Comparato, que é professor emérito da Faculdade de Direito (FD) da USP, dedicou sua fala a tentar compreender a reação moderada da sociedade brasileira frente às "atrocidades" cometidas pelo regime militar, a partir de uma comparação com a resposta da sociedade argentina diante da mesma situação.

De acordo com ele, embora os regimes militares tenham sido muito semelhantes nos dois países, a sociedade argentina foi mais rápida e exigente na cobrança de punição. Após o fim do regime, criou-se uma comissão para investigar o desaparecimento de pessoas e, em 2005, a Corte Suprema Argentina considerou inconstitucional a Lei de Anistia.

"Iniciaram-se, então, os processos criminais contra agentes públicos envolvidos em crimes políticos durante o regime", afirmou o jurista, ressaltando que mais de 200 pessoas foram condenadas à prisão na Argentina, entre elas dois chefes de estado, que cumprem pena de prisão perpétua.

Já o Brasil, disse o professor, é hoje o único país da América Latina onde não se abriram processos criminais contra os crimes políticos cometidos pelos regimes militares. Aqui, a Lei da Anistia continua em vigor e aplica-se não só a agentes públicos, mas também a autores de crimes conexos, o que inclui os grupos de resistência da sociedade civil.

Comissão da Verdade

Na sentença em que condenou o Brasil por utilizar a Lei da Anistia para não julgar os agentes públicos envolvidos na Guerrilha do Araguaia, a Corte Interamericana de Direitos Humanos estabeleceu que a lei carece de efeitos jurídicos e deu um prazo para que o Estado a reveja.

Segundo Comparato, a Comissão Nacional da Verdade pretende apenas dar a impressão de estar cumprindo as determinações da Corte, mas sem enfrentar de fato o problema da Lei da Anistia: "A oligarquia pressionou e o Congresso neutralizou comissão".

O jurista frisou que, pelo menos, a comissão decidiu concentrar-se apenas na atuação repressiva criminosa dos agentes públicos. "No entanto, optou por trabalhar em regime de sigilo, uma decisão politicamente errada, porque o objetivo de comissões relacionadas a violações de direitos humanos deveria ser o de abrir a consciência nacional."

Mentalidade brasileira

Comparato também explorou as razões pelas quais a reação da sociedade diante dos crimes cometidos durante o regime militar é tão branda. Entre elas, ressaltou a influência da herança escravocrata na mentalidade coletiva do povo brasileiro.

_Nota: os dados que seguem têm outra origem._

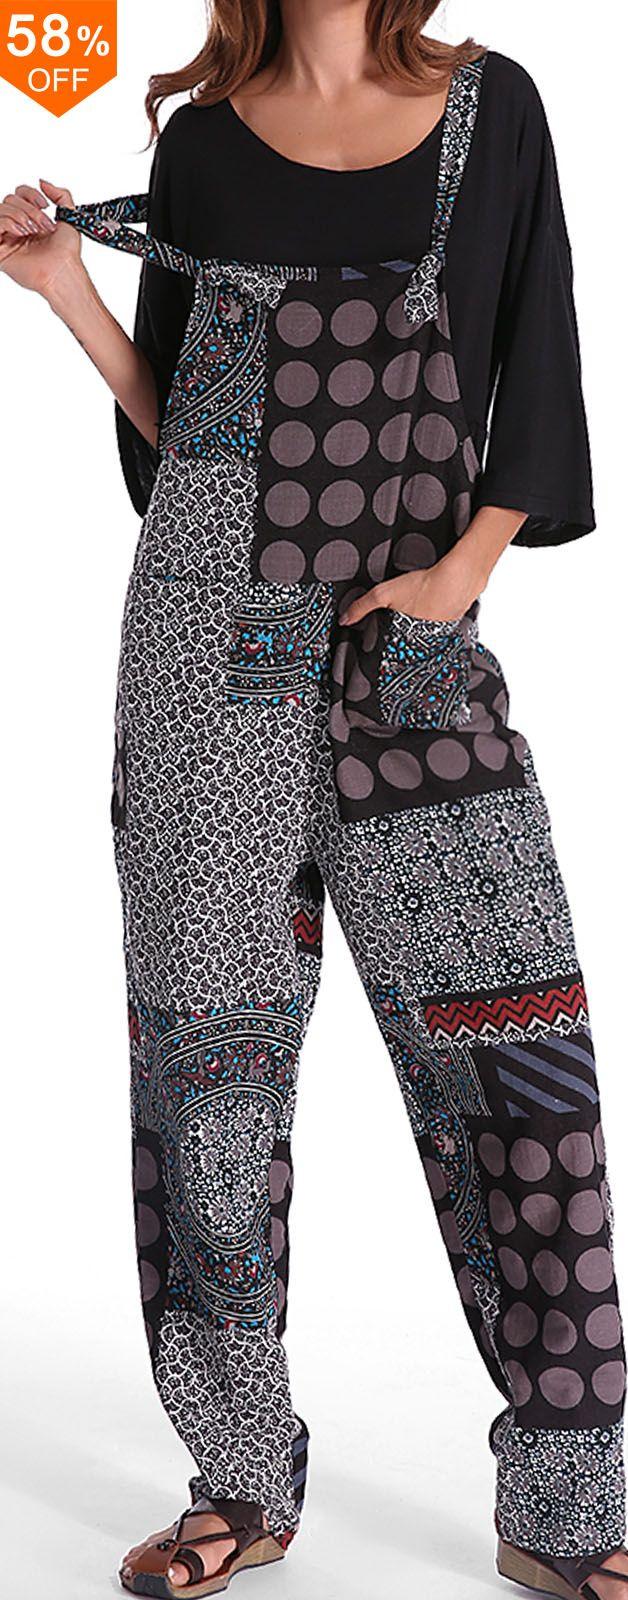 Gracila Casual Women Polka Dot Printed Loose Patchwork Pocket Jumpsuits.Casual S... 13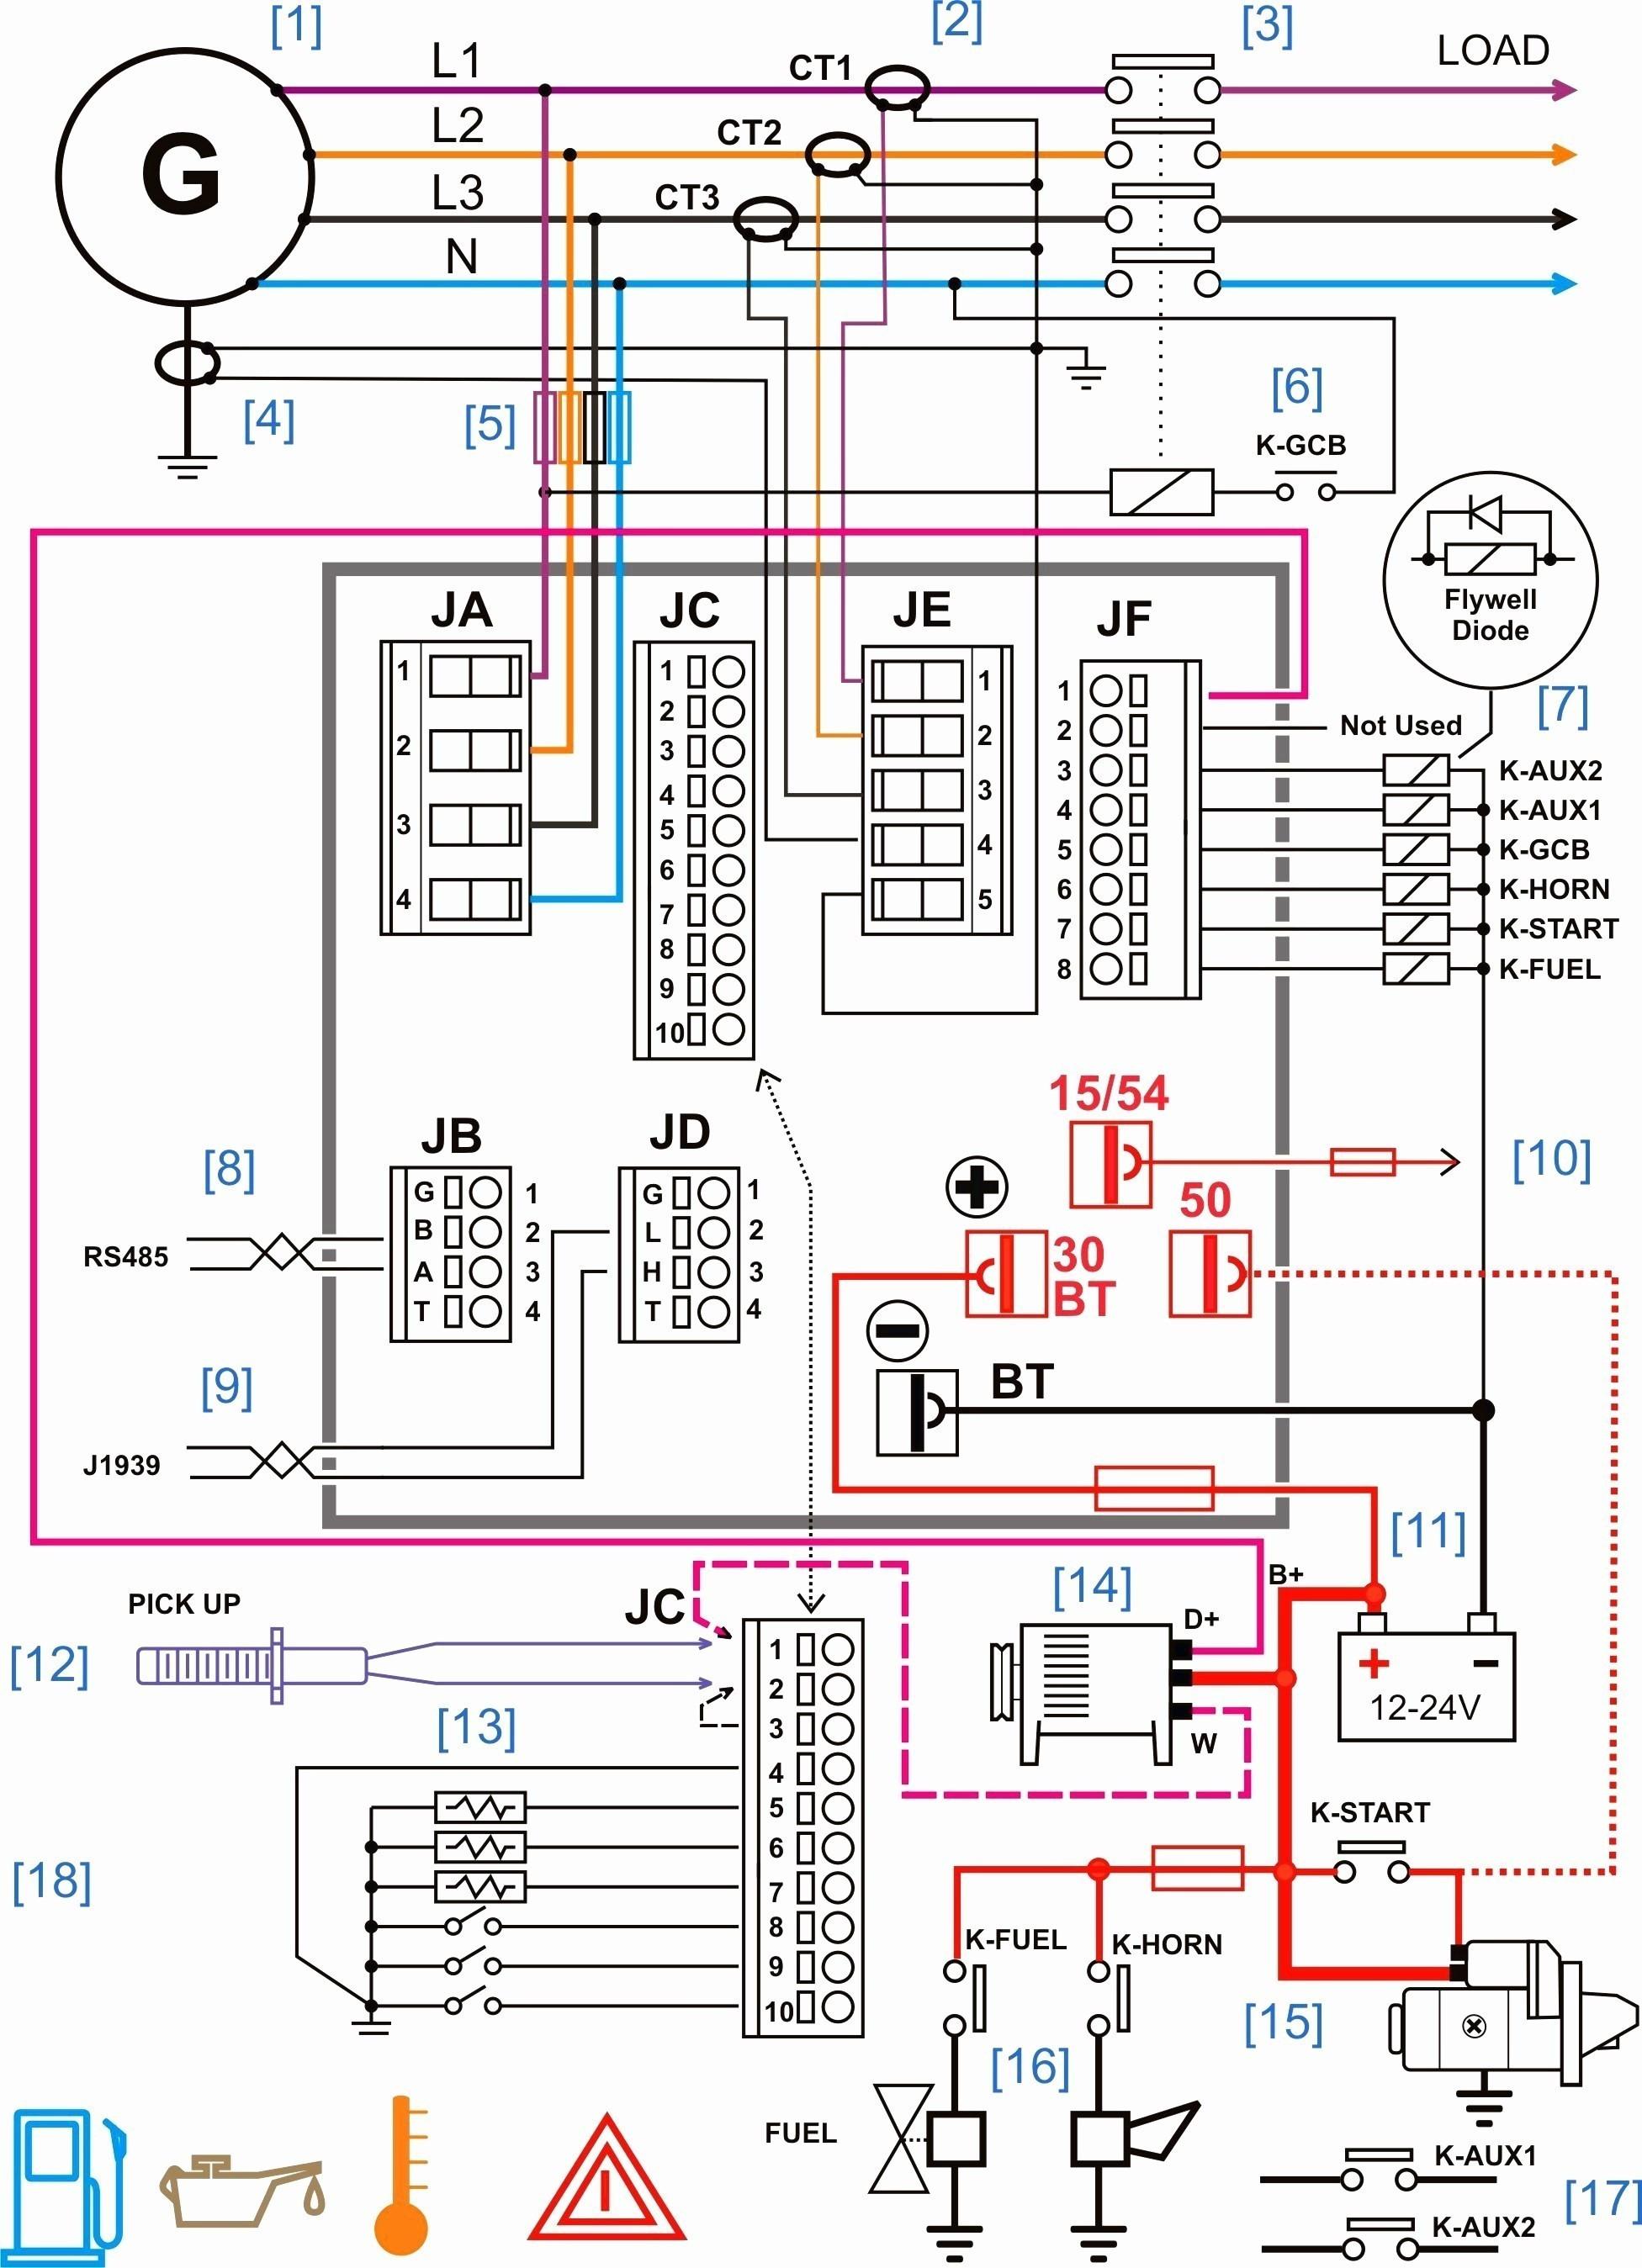 Car Light Wiring Diagram Save Audi A4 Cd Player Wiring Diagram Of Car Light Wiring Diagram

"No Brasil, a escravidão dos africanos e afrodescendentes influenciou profundamente a mentalidade coletiva e os costumes sociais, que ficou marcada pela subserviência das classes pobres aos poderosos", disse, realçando que essa subserviência estabelece limites para legislação.

Debatedor

Ao final da exposição de Comparato, o advogado Marco Antônio Rodrigues Barbosa, ex-presidente e integrante da Comissão de Justiça e Paz de São Paulo, fez algumas considerações, retomando pontos enfatizados pelo professor.

Barbosa afirmou que a Comissão Nacional da Verdade vem realizando um importante trabalho na identificação e no reconhecimento de pessoas mortas e desaparecidas, além de ter trazido à tona aspectos fundamentais, como a possibilidade de convocar depoentes, e não de apenas convidá-los.

De acordo com ele, o trabalho da comissão tem potencial e pode levar a uma revisão da Lei da Anistia: "Acho que a luta continua, apesar de todas essas mazelas, violações. Pode ser apenas otimismo, mas ainda tenho esperança. A partir do momento que houve a prolação da sentença de Vladimir Herzog, o juiz determinou expedição de ofício para reconhecer e punir o torturador. É mais um episódio que pode ser suscitado nessa luta que vem sendo empreendida".

Ao final do evento, o jurista José Gregori, presidente da Comissão de Direitos Humanos da USP e integrante da Cátedra Unesco de Educação para a Paz, Direitos Humanos, Democracia e Tolerância, sediada no IEA, manifestou sua concordância com muitas das ponderações de Comparato, mas ressaltou que, na sua opinião, o processo de consolidação democrática no Brasil vem se mostrando mais sólido do que o argentino.